George Williams
"Bigger models lead to better AI. It’s a fundamental “scaling law” that is supercharging innovations across the hardware technology stack, from new chip substrates to radical changes in datacenter architecture. Recent advances notwithstanding, model size continues to outpace today’s hardware accelerators, which impacts latency, throughput, and power consumption for all fundamental model related tasks including inference, training, fine-tuning. This in turn negatively impacts the performance of real-world compound AI system use cases including context retrieval augmentation (RAG), mixture-of-expert (MOE) stochastic routing models, and large-scale model tenancy, just to name a few.

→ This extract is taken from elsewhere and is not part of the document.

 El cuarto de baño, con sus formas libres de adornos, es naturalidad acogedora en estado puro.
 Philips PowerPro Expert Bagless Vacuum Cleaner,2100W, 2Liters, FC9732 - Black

In this talk, I will highlight some recent advances in extreme model compression that not only eliminate expensive matrix multiplication, but reduce the compute burden of transformer based large language models (LLMs) to just additions and simple bit vector operations. As you might expect, the use of base-3 ternary operations reduce significantly model size and compute burden, but surprisingly exhibit better model performance compared to other compression schemes including binary models and 4 bit integer quantization within the same or even smaller memory and power budget. I’ll walk-through specific system and zero-shot benchmarks that we acquired on CPU, GPU, and Compute-In-Memory micro-processors on well-known MOE LLM models grounded using a RAG vector database to mitigate hallucinations.
Finally, we will revisit decades old ideas in ternary storage, which combined with ternary bit processors can pave new directions in ultra-compact and power efficient trillion scale models in a singular substrate, using existing CMOS fabrication techniques."